Imaging of thyroid tumor angiogenesis with microbubbles targeted to vascular endothelial growth factor receptor type 2 in mice
1 Institute of Biostructure and Bioimaging, Italian National Research Council (CNR), Naples, Italy
2 SDN Foundation IRCCS, Naples, Italy
3 Dipartimento di Scienze Biomediche Avanzate, Università degli Studi di Napoli “Federico II”, Naples, 80131, Italy
4 Dipartimento di Studi delle Istituzioni e dei Sistemi Territoriali, Università degli Studi di Napoli “Parthenope”, Naples, Italy
5 CEINGE-Biotecnologie Avanzate s.c.a.\r.l., Naples, Italy
6 Dipartimento di Biologia e Patologia Cellulare e Molecolare, Università degli Studi di Napoli “Federico II”, Naples, 80131, Italy
7 Functional Genomic Unit, Istituto Nazionale Tumori G. Pascale, Naples, Italy
BMC Medical Imaging 2013, 13:31 doi:10.1186/1471-2342-13-31Published: 12 September 2013
To evaluate whether Contrast Enhanced Ultrasund (CEUS) with microbubbles (MBs) targeted to VEGFR-2 is able to characterize in vivo the VEGFR-2 expression in the tumor vasculature of a mouse model of thyroid cancer (Tg-TRK-T1).
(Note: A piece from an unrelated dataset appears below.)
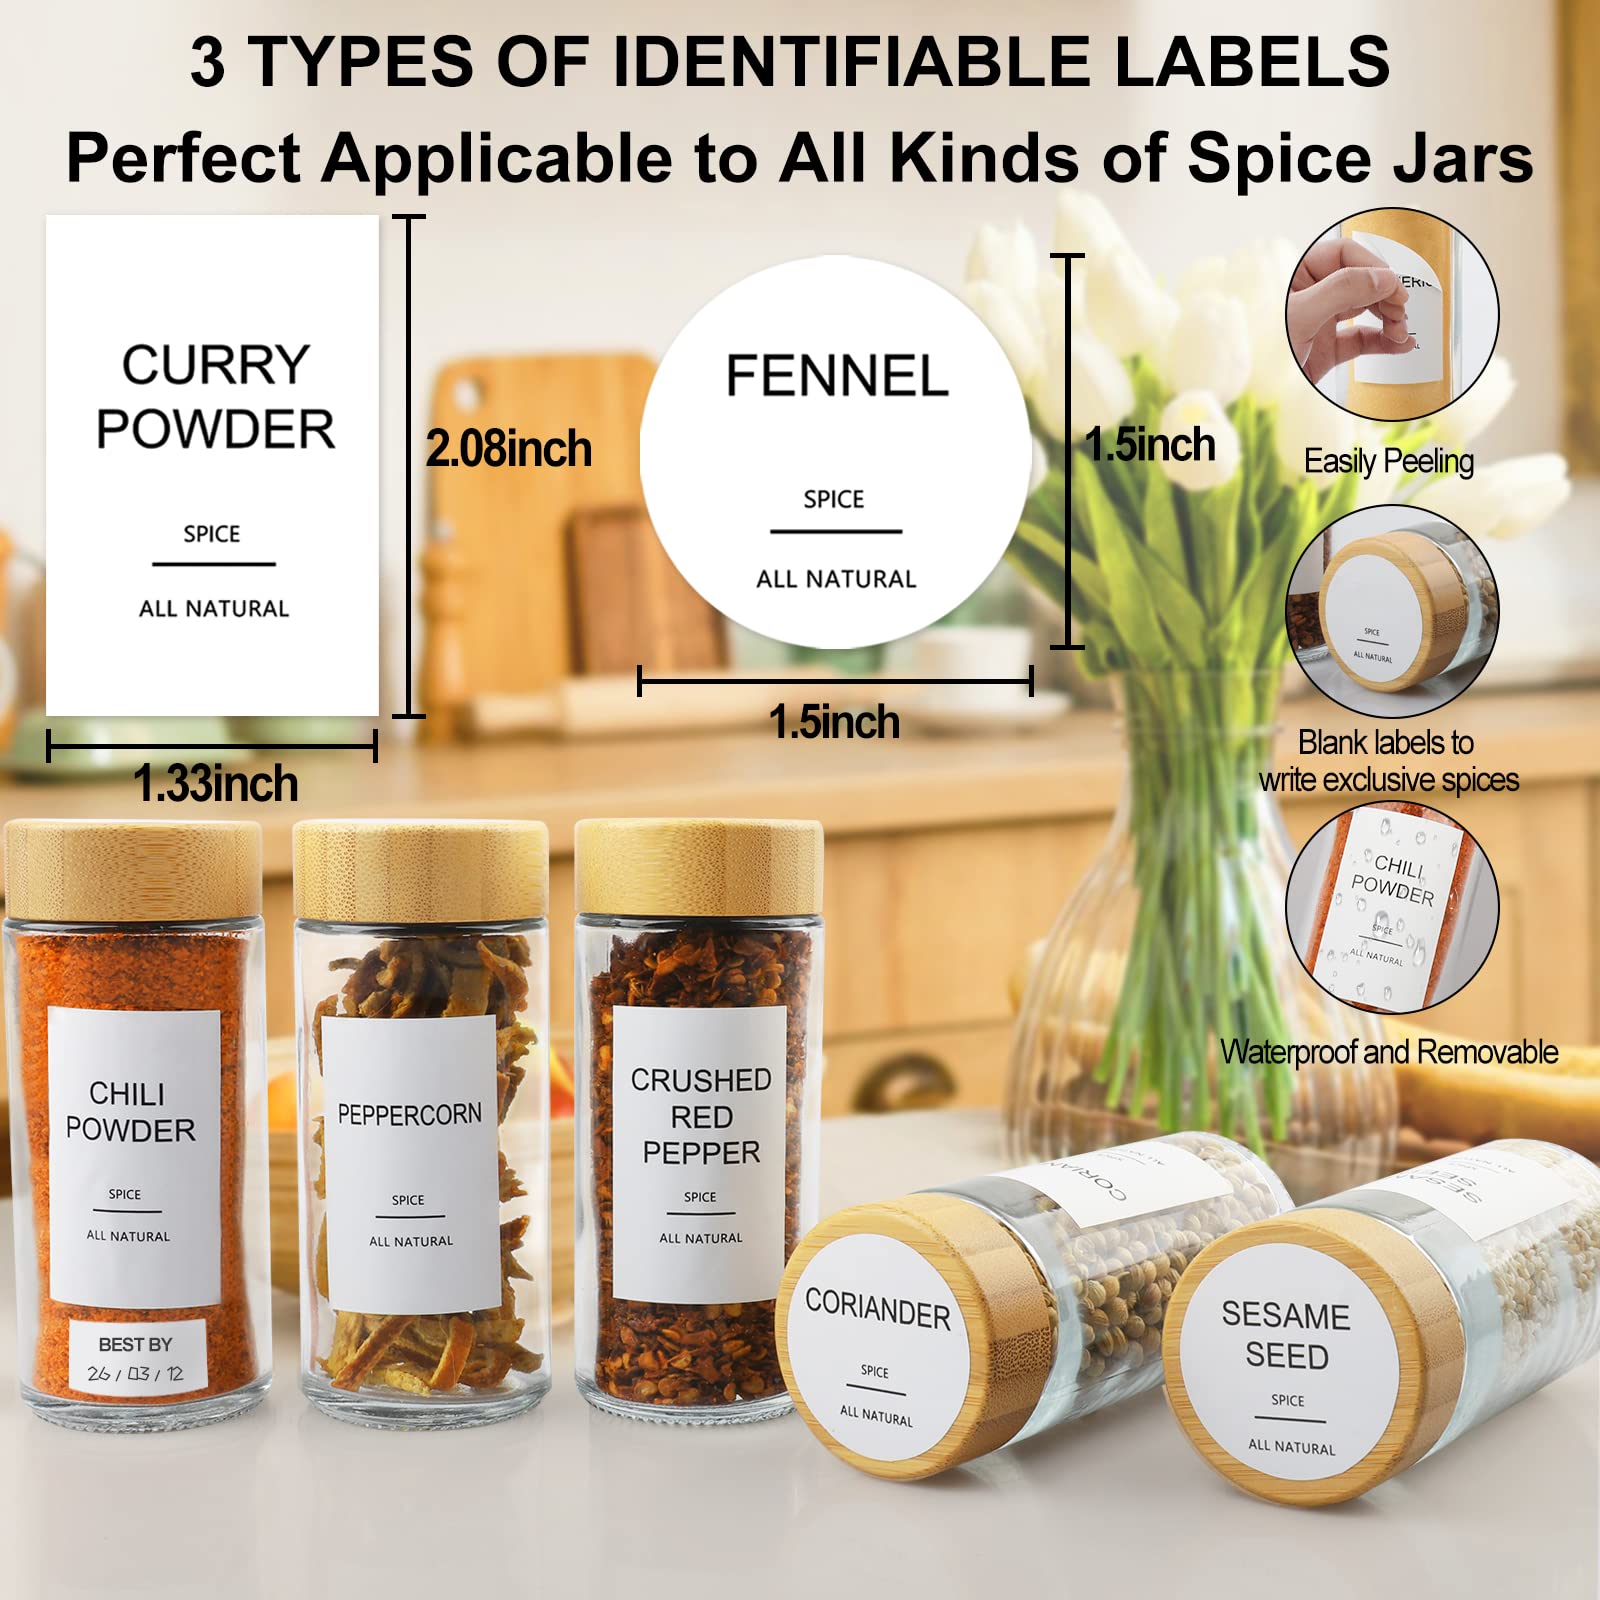 AISIPRIN Glass Spice Jars with 398 Labels-4oz 24 Pcs,Round Seasoning Jars with Bamboo Airtight Lids,Salt and Pepper Shakers Container Set -Shaker Lids, Funnel,Brush and Marker Included

Animal protocol was approved by Institutional committee on Laboratory Animal Care. Contrast-enhanced ultrasound imaging with MBs targeted with an anti-VEGFR-2 monoclonal antibody (UCAVEGFR-2) and isotype control antibody (UCAIgG) was performed in 7 mice with thyroid carcinoma, 5 mice with hyperplasia or benign thyroid nodules and 4 mice with normal thyroid. After ultrasonography, the tumor samples were harvested for histological examination and VEGFR-2 expression was tested by immunohistochemistry. Data were reported as median and range. Paired non parametric Wilcoxon’s test and ANOVA of Kruskal-Wallis were used. The correlation between the contrast signal and the VEGFR-2 expression was assessed by the Spearman coefficient.
The Video intensity difference (VID) caused by backscatter of the retained UCAVEGFR-2 was significantly higher in mice harboring thyroid tumors compared to mice with normal thyroids (P < 0.01) and to mice harboring benign nodules (P < 0.01). No statistically significant differences of VID were observed in the group of mice carrying benign nodules compared to mice with normal thyroids. Moreover in thyroid tumors VID of retained VEGFR-2-targeted UCA was significantly higher than that of control UCAIgG (P <0.05). Results of immunohistochemical analysis confirmed VEGFR-2 overexpression. The magnitude of the molecular ultrasonographic signal from a VEGFR-2-targeted UCA retained by tissue correlates with VEGFR-2 expression determined by immunohistochemistry (rho 0.793, P=0.0003).
We demonstrated that CEUS with UCAVEGFR-2 might be used for in vivo non invasive detection and quantification of VEGFR-2 expression in thyroid cancer in mice, and to differentiate benign from malignant thyroid nodules.